BEGIN Dataset section

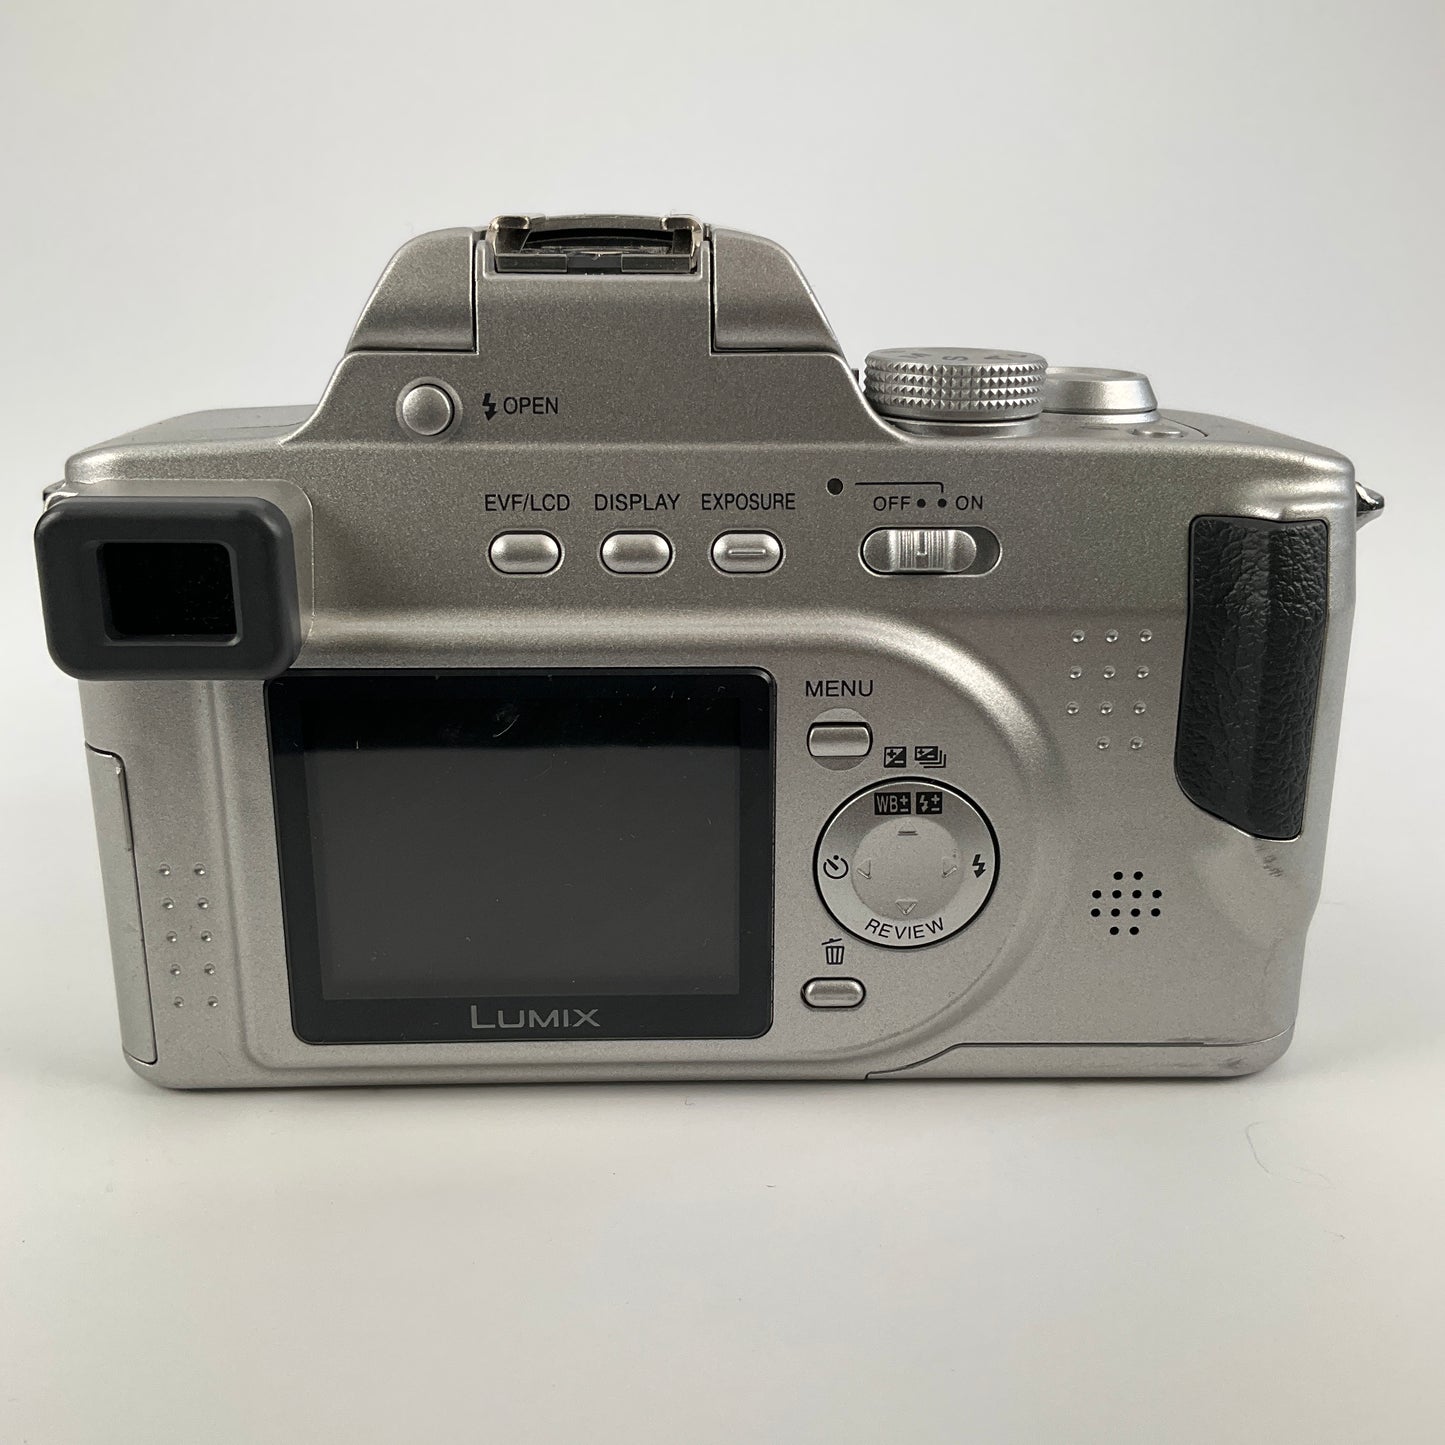 Panasonic - Lumix DMC-FZ20 Digital Camera
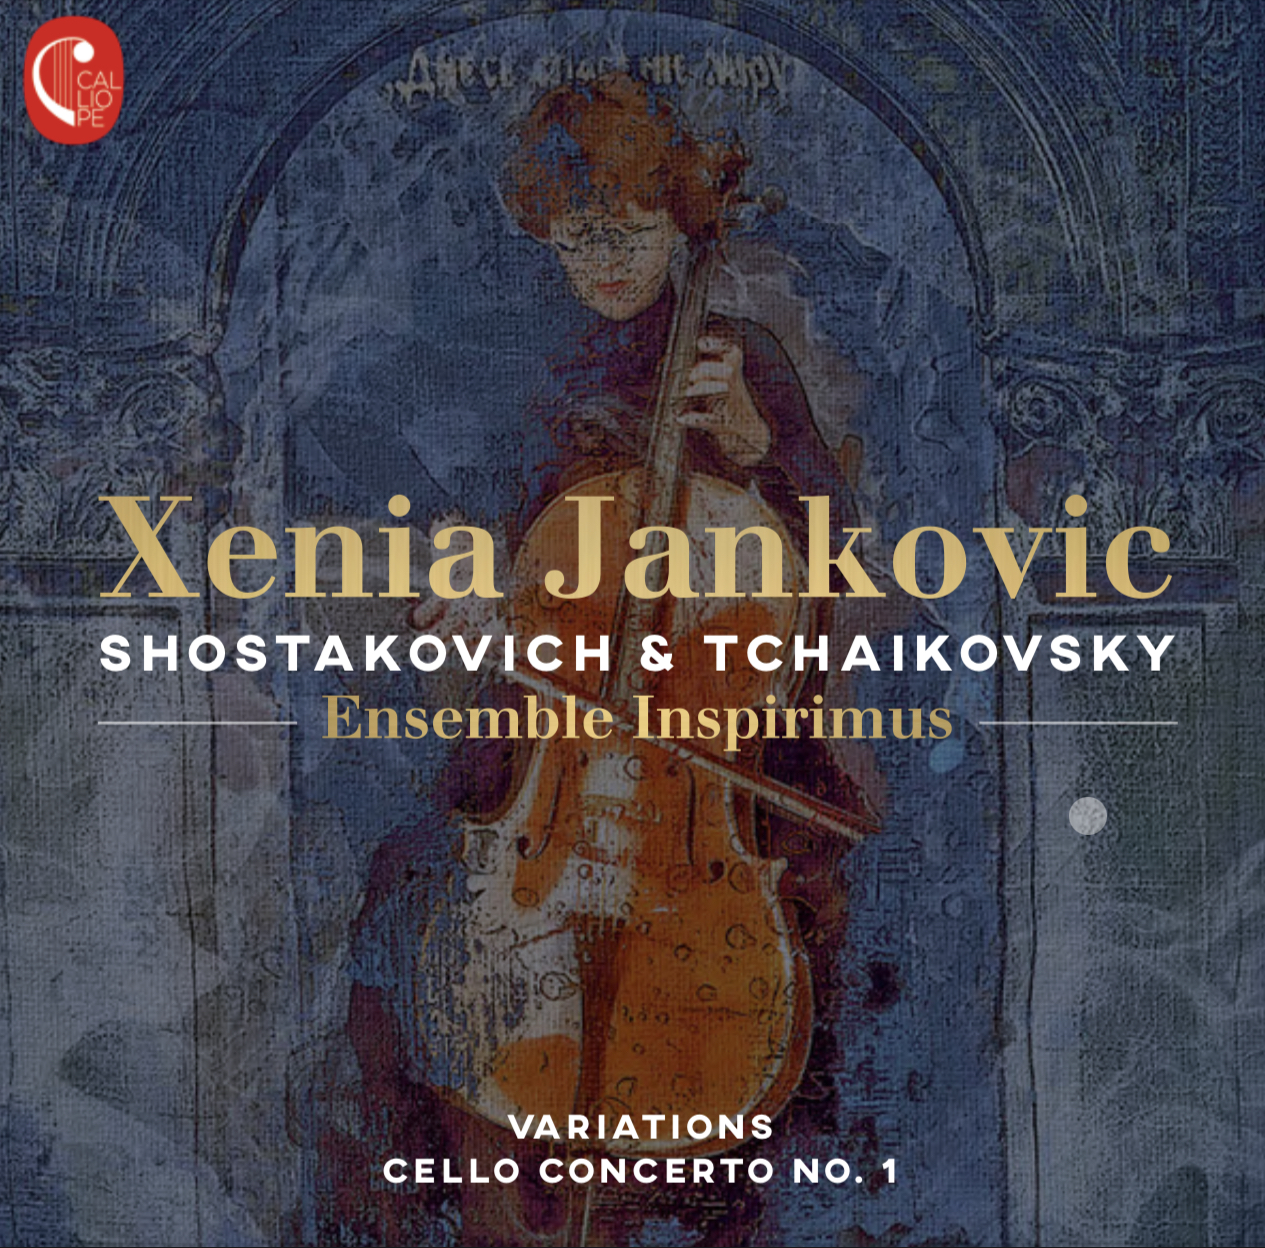 Shostakovich & Tchaikovsky with Ensemble Inspirimus
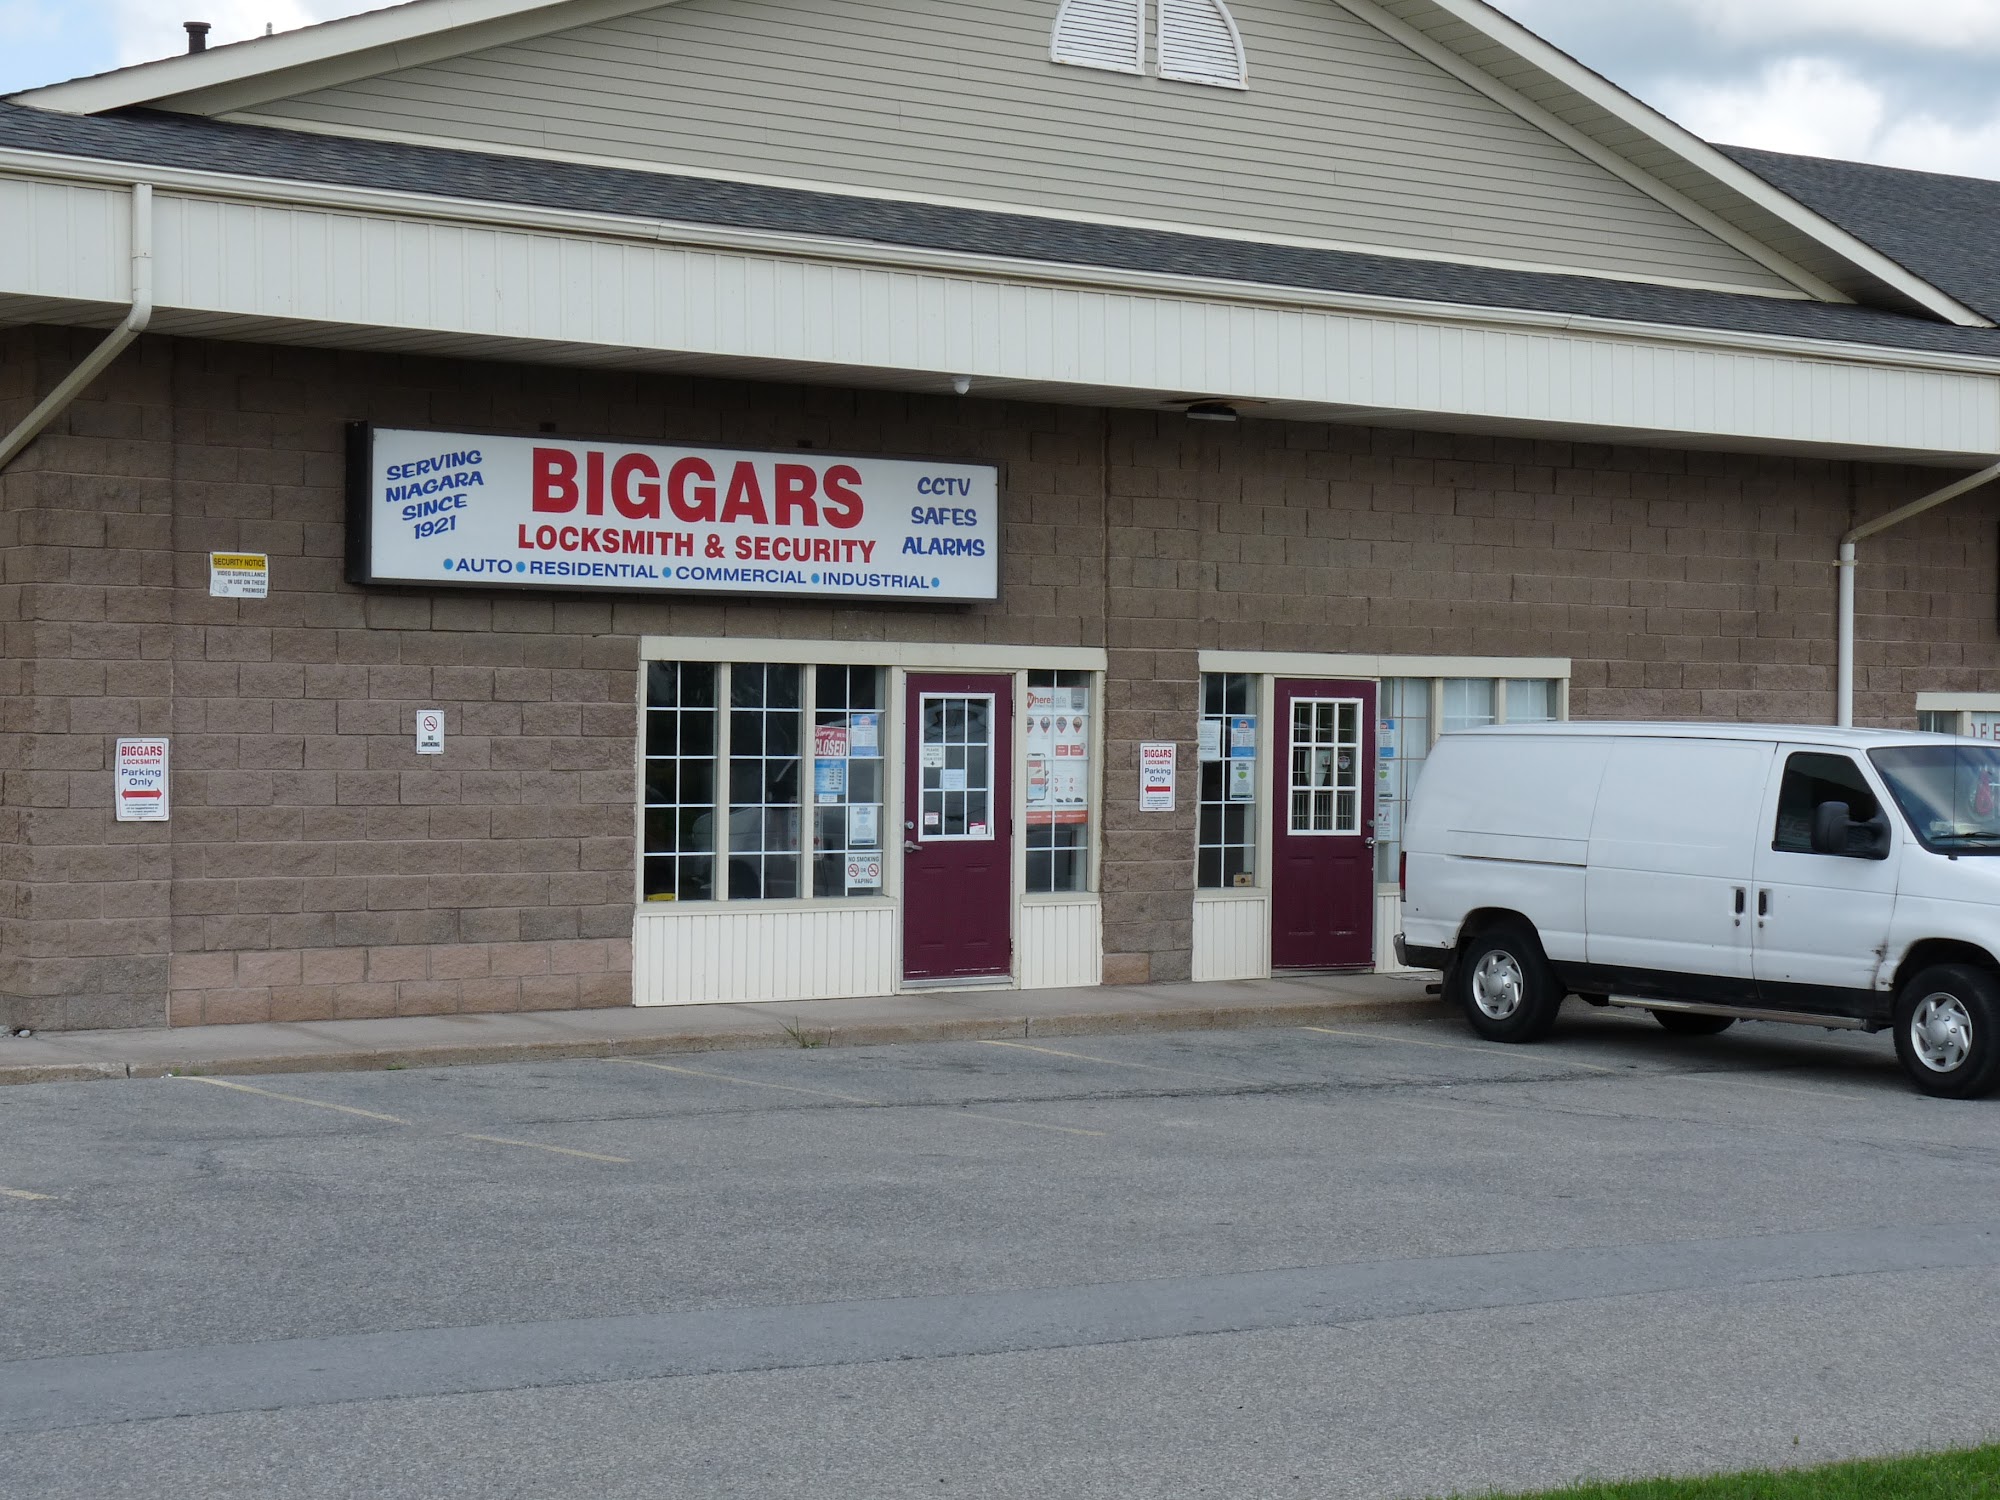 Biggar's Key Shop
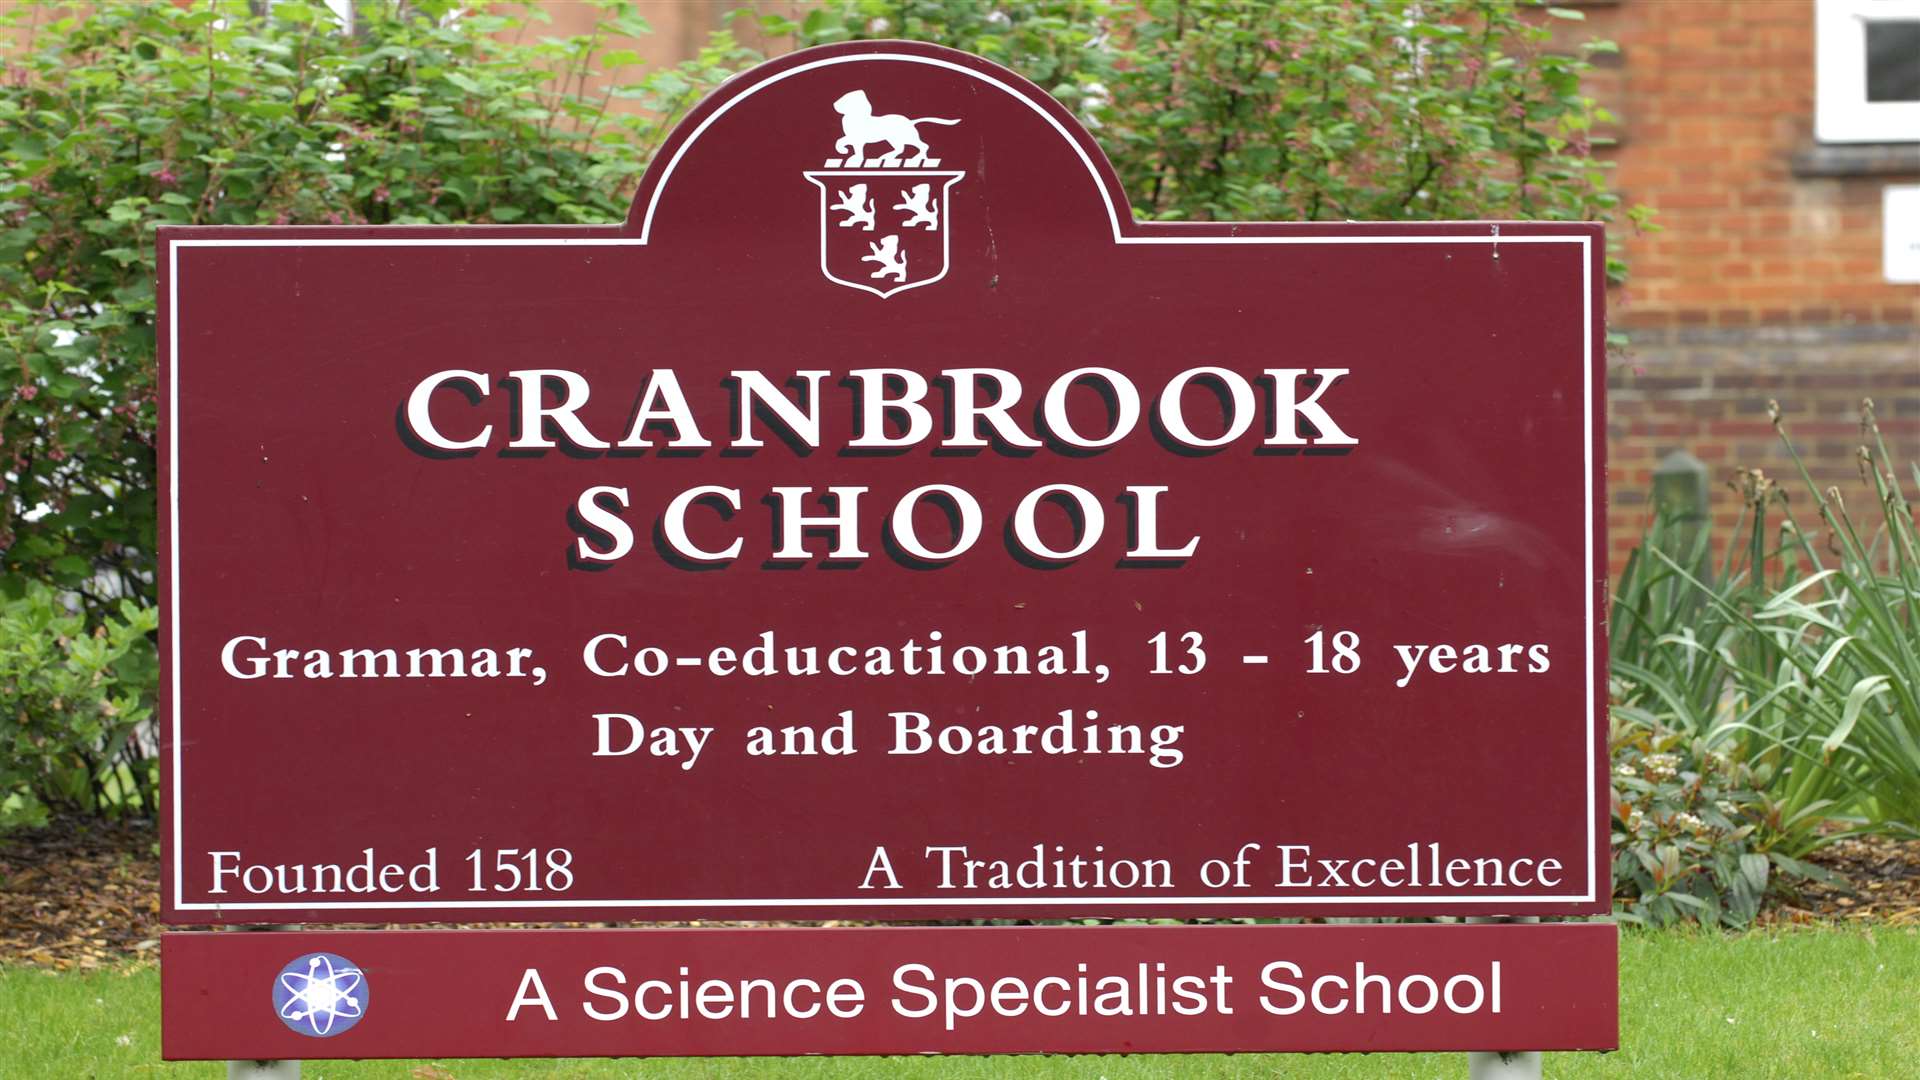 The school sign

END Dataset section

(Task to carry out)
Restate the material above word for word; pictures do not belong in the copy.

(Task result)
 Panasonic - Lumix DMC-FZ20 Digital Camera
 Shostakovich & Tchaikovsky with Ensemble Inspirimus
 Biggar's Key Shop
 The school sign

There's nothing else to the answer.